Excalibur, named for the mythical sword of King Arthur, uses the medieval theme in several ways. Its facade is a stylized image of a castle (see also: List of castles in the United States). Until 2007, a wizard-like figure representing Merlin looked out from a high turret (since replaced by a figure advertising Dick's Last Resort).

Excalibur is situated at the Tropicana – Las Vegas Boulevard intersection. The hotel is linked by overhead pedestrian bridges to neighboring casinos to the north (New York-New York, across Tropicana Avenue) and to the east (Tropicana, across the Strip). A free tram connects Excalibur to its sister MGM Resorts International properties to the south, Luxor and Mandalay Bay.

History
The land on which the Excalibur sits was originally the proposed site of the Xanadu Resort envisioned in 1975. The 1,730 room Asian-tropical-themed resort would have been the first mega-resort in Las Vegas.  The project was never built when the developers could not secure a deal with the county on the sewer infrastructure such a large project would have required.

Circus Circus Enterprises constructed Excalibur which opened on June 19, 1990, as the largest resort hotel in the world, with almost 4,000 rooms covering over 70 acres. As of 2016 it is the seventh-largest hotel (by total number of rooms) in Las Vegas, and the thirteenth-largest hotel worldwide. MGM Resorts International purchased the property in 2005.
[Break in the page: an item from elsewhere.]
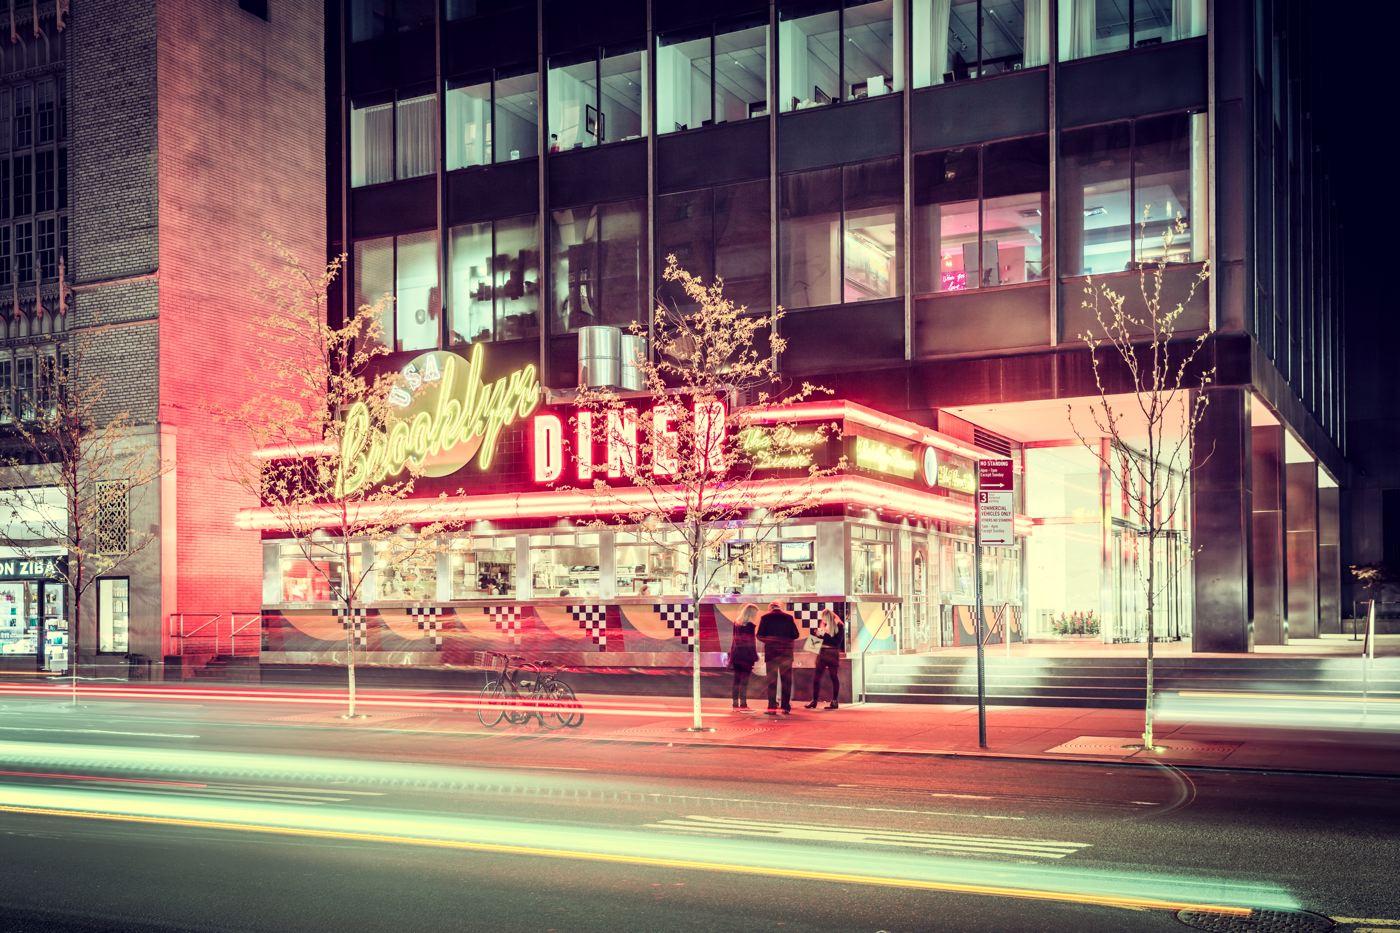 LDKphoto-NYC - Brooklyn Diner-v02.jpg

Excalibur was designed in line with the "theme resort" strategy popular among some casino operators during the 1990s, which included the traditional Las Vegas gaming experience coupled with family-oriented elements. However, since 2006 most of the medieval-themed statues and scenery have been removed as part of a four-year renovation and modernization project. As of 2010, few of the themed wall murals still remained as Excalibur was updated to include more modern and understated elements, including contemporary furniture and flat-screen plasma TVs in 2,000 renovated guest rooms.

On March 21, 2003, Josh Ford of Los Angeles hit the largest Megabucks Jackpot to date of US$39.7 million at Excalibur.
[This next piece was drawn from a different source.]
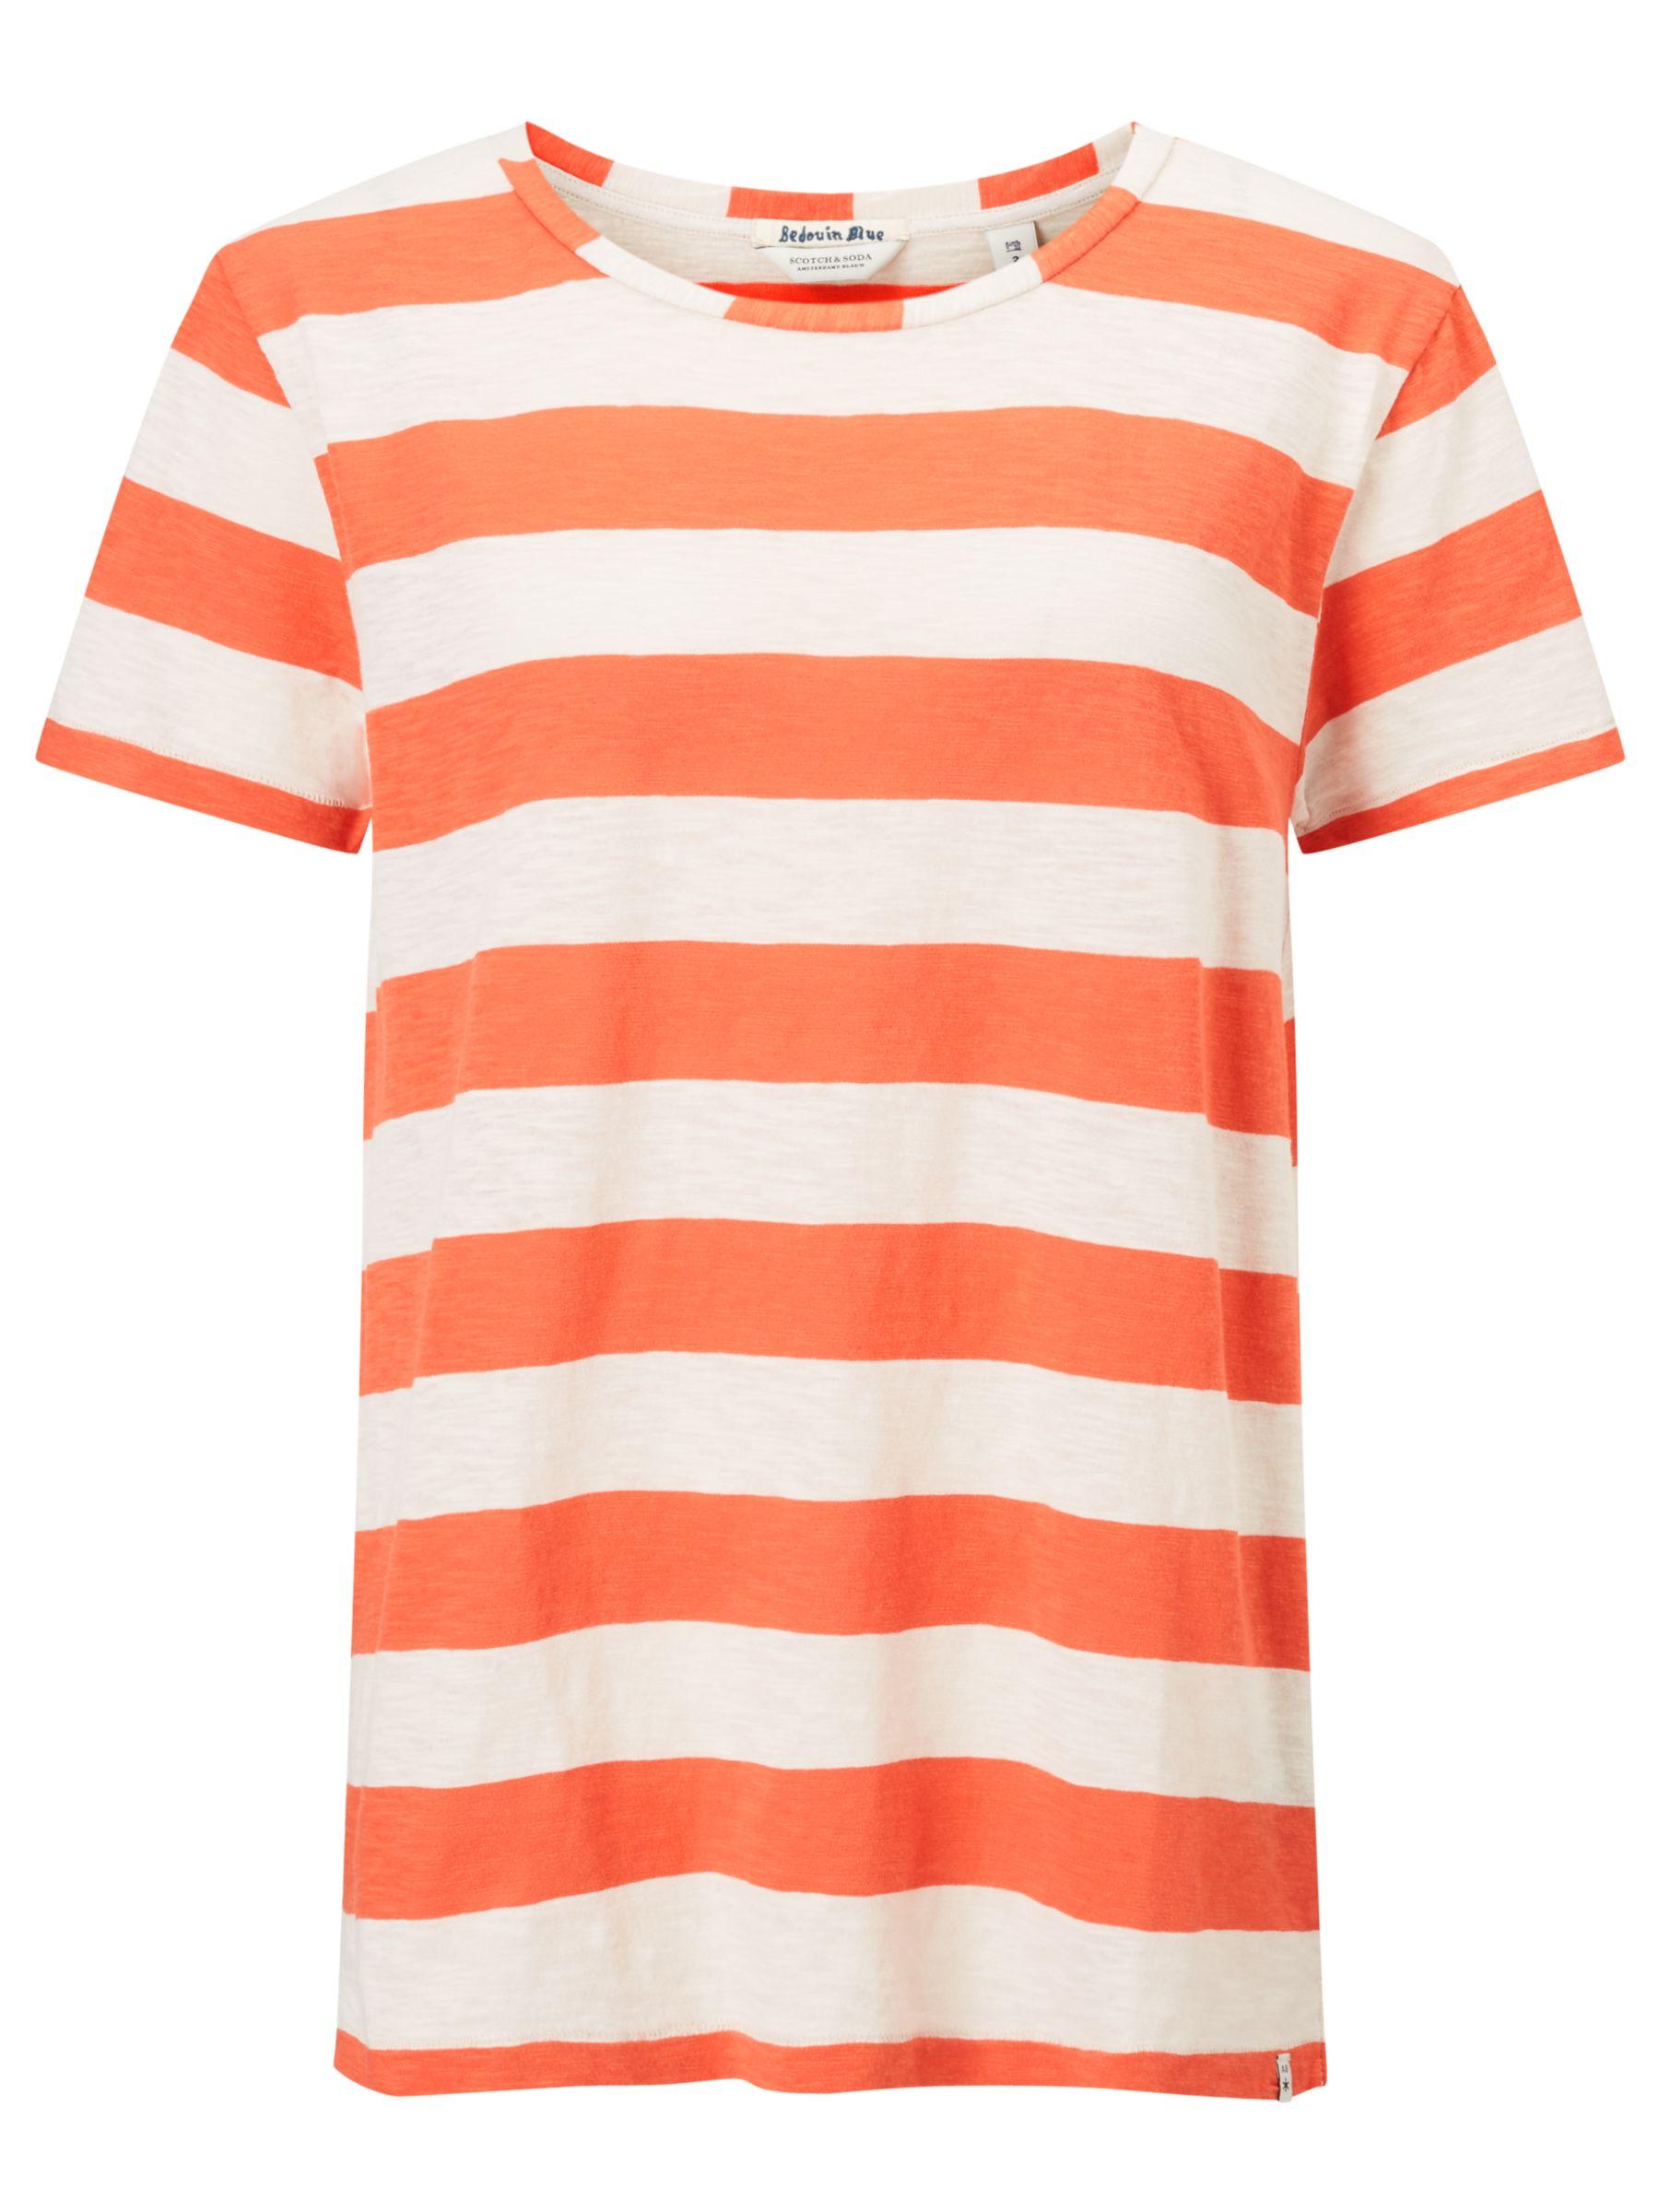 Maison Scotch Maison Scotch Loose Fit Stripe T-Shirt

Ownership of the Excalibur, along with many other MGM properties, was transferred to MGM Growth Properties in 2016, while MGM Resorts continued to operate it under a lease agreement. Vici Properties acquired MGM Growth, including the Excalibur, in 2022.

Facilities and attractions

The  gaming area at Excalibur consists of table games and more than 1,200 slot machines. In addition to casino space, the Excalibur resort includes a renovated pool area, a  spa and fitness center, eight restaurants and a food court, the Chapel at Excalibur, and the Octane Lounge & The Lounge with live music on the weekends, and an arcade.

In May 1999, the casino partnered with World Championship Wrestling to open the WCW Nitro Grill, which was the first professional wrestling themed restaurant and nightclub in the United States; the restaurant was frequently visited by numerous professional wrestlers. WCW Nitro Grill operated for 16 months before closing in September 2000 due in part to WCW's financial problems; the restaurant's current space would later be occupied by a Dick's Last Resort location, where it remains to this day.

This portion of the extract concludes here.